CH 2 \u003d CH 2 (g) + H 2 (g) → CH 3 -CH 3 (g)

All components involved in the reaction and the product are gaseous substances, therefore, the pressure in the system will also affect the reaction rate. From two volumes of ethylene and hydrogen, one volume of ethane is formed, therefore, the reaction proceeds to a decrease in pressure in the system. By increasing the pressure, we will speed up the reaction. The fifth answer does not fit.

Task #22

Establish a correspondence between the formula of salt and the products of electrolysis of an aqueous solution of this salt, which stood out on inert electrodes: for each position,

SALT FORMULA

ELECTROLYSIS PRODUCTS

Write in the table the selected numbers under the corresponding letters.

Answer: 1; four; 3; 2

Electrolysis is a redox process that occurs on the electrodes during the passage of a constant electric current through an electrolyte solution or melt. At the cathode, the reduction occurs predominantly of those cations that have the highest oxidizing activity. At the anode, those anions are oxidized first of all, which have the greatest reduction ability.

Electrolysis of aqueous solution

1) The process of electrolysis of aqueous solutions on the cathode does not depend on the material of the cathode, but depends on the position of the metal cation in the electrochemical series of voltages.

For cations in a row

Li + - Al 3+ recovery process:

2H 2 O + 2e → H 2 + 2OH - (H 2 is released at the cathode)

Zn 2+ - Pb 2+ recovery process:

Me n + + ne → Me 0 and 2H 2 O + 2e → H 2 + 2OH - (H 2 and Me will be released at the cathode)

Cu 2+ - Au 3+ reduction process Me n + + ne → Me 0 (Me is released at the cathode)

2) The process of electrolysis of aqueous solutions at the anode depends on the material of the anode and on the nature of the anion.
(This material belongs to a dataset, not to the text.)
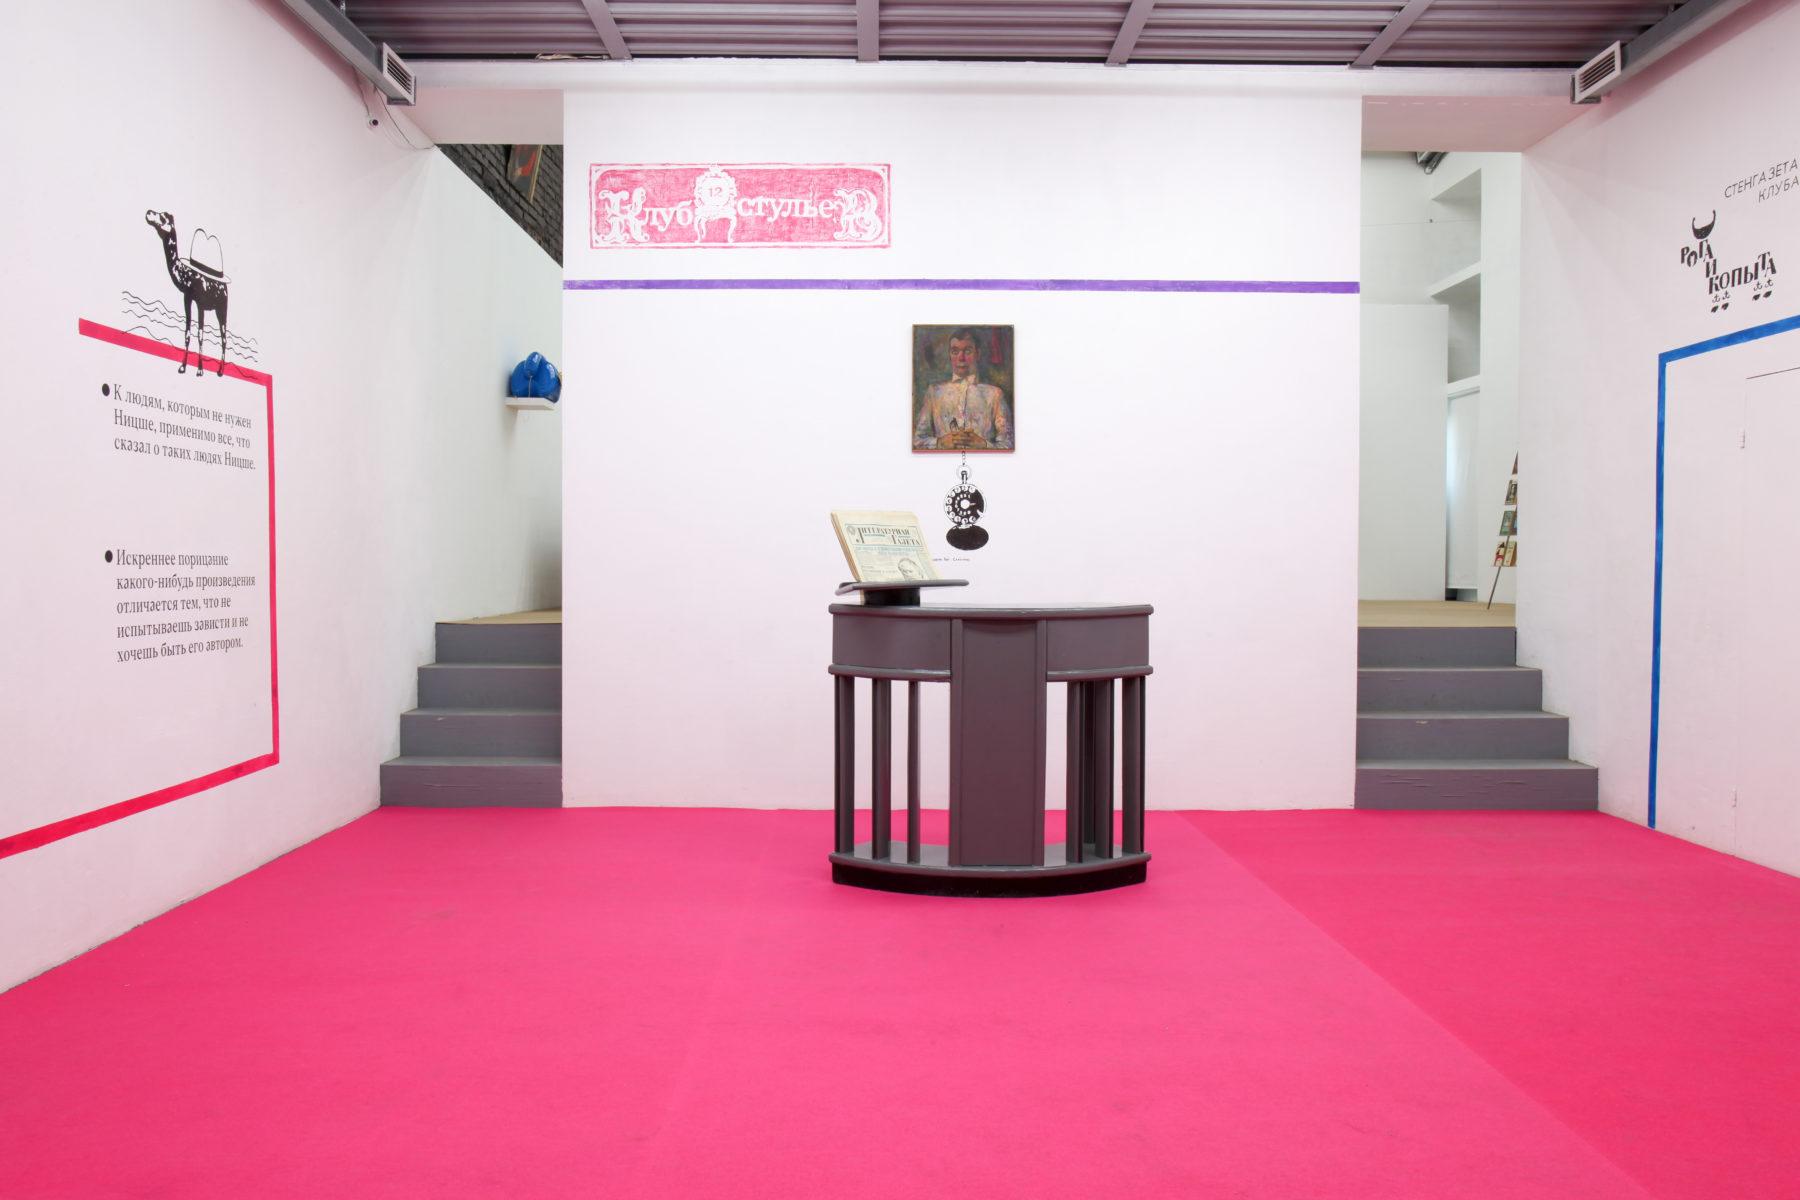 Вид экспозиции выставки Яна Гинзбурга «СОВПИС» 16 апреля — 26 мая 2019 @ Osnova

If the anode is insoluble, i.e. inert (platinum, gold, coal, graphite), the process will depend only on the nature of the anions.

For anions F -, SO 4 2-, NO 3 -, PO 4 3-, OH - the oxidation process:

4OH - - 4e → O 2 + 2H 2 O or 2H 2 O - 4e → O 2 + 4H + (oxygen is released at the anode) halide ions (except F-) oxidation process 2Hal - - 2e → Hal 2 (free halogens are released ) organic acids oxidation process:

2RCOO - - 2e → R-R + 2CO 2

The overall electrolysis equation is:

A) Na 3 PO 4 solution

2H 2 O → 2H 2 (at the cathode) + O 2 (at the anode)

B) KCl solution

2KCl + 2H 2 O → H 2 (at the cathode) + 2KOH + Cl 2 (at the anode)

C) CuBr2 solution

CuBr 2 → Cu (at the cathode) + Br 2 (at the anode)

D) Cu(NO3)2 solution

2Cu(NO 3) 2 + 2H 2 O → 2Cu (at the cathode) + 4HNO 3 + O 2 (at the anode)

Task #23

Establish a correspondence between the name of the salt and the ratio of this salt to hydrolysis: for each position indicated by a letter, select the corresponding position indicated by a number.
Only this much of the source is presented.